Trump, while clearly desiring an end to the war’s expenses, has been all over the place regarding Afghanistan. He entered office devoted to stopping what he described as early as 2012 as a “complete waste.” In 2017, however, he increased U.S. troop levels. In announcing his new Afghanistan strategy, Trump warned against a “hasty withdrawal,” adding that “America’s enemies must never know our plans or believe they can wait us out.” The U.S. presence, he said, would be conditions-based, rather than time-based.

By December 2018, Trump had changed course. The president decided to cut the 14,000 American troops then in Afghanistan by about half, and permitted that plan to be publicly known. He’s said it’s “ridiculous” that America bears such a large share of the Afghanistan burden. And then there was Pompeo’s mixed messaging about the imperative to draw down by Election Day versus his assurance that the U.S. was committed to a conditions-based drawdown. The administration has gone from secret plans, troop increases, and conditions-based withdrawals to open plans, troop reductions, and possibly calendar-based withdrawals.

The president and his team need to get their house in order.
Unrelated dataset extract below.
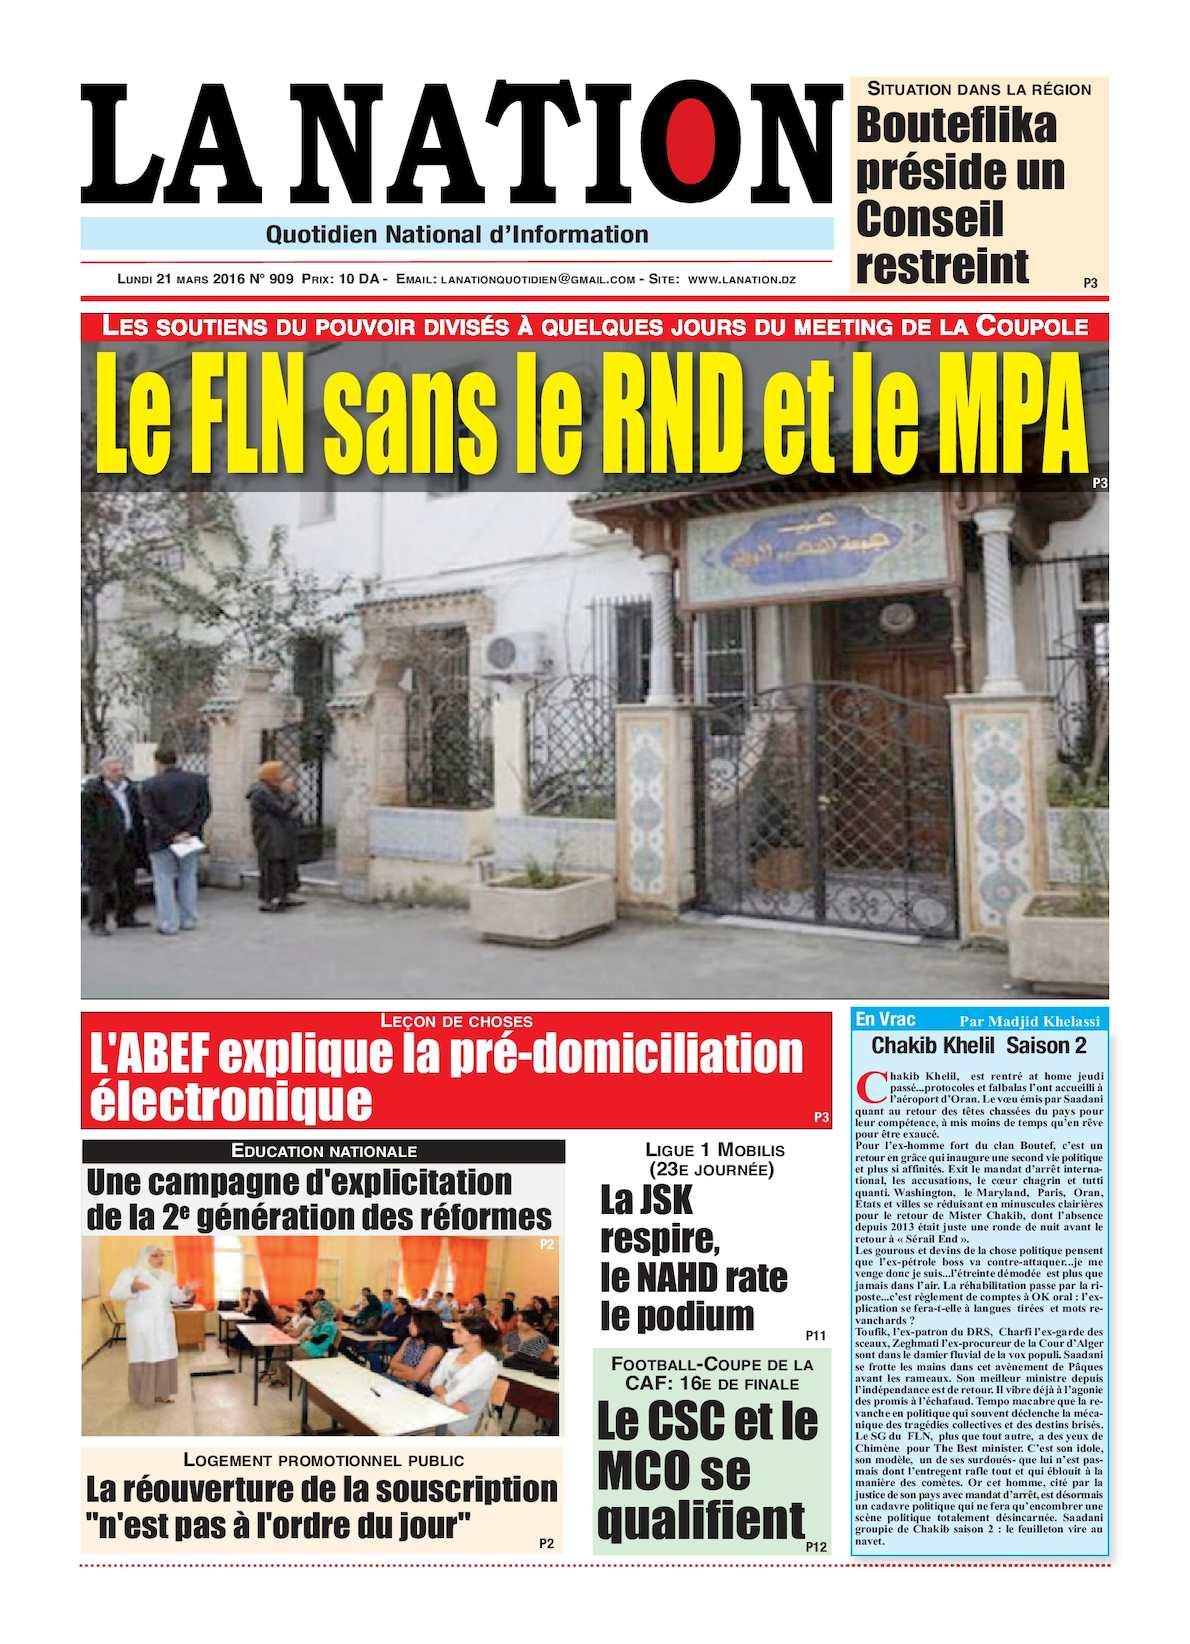 La Nation Edition N 909

Pompeo said, “We think there’s a path to reduce violence, achieve reconciliation, and still make sure that the American counterterrorism effort in Afghanistan has value and the potential to reduce risk in the United States.” There may be, but getting on that path requires a genuine shift from the desire to leave at almost any cost to a drive to pursue negotiations while protecting U.S. security interests.

Afghanistan may be America’s forgotten war, lost in the focus on China and Russia and Iran and North Korea. But the problems there endure. Whether, how, and in what ways America ends its role in that war will be vitally important—not just for the Afghan people but for Americans themselves.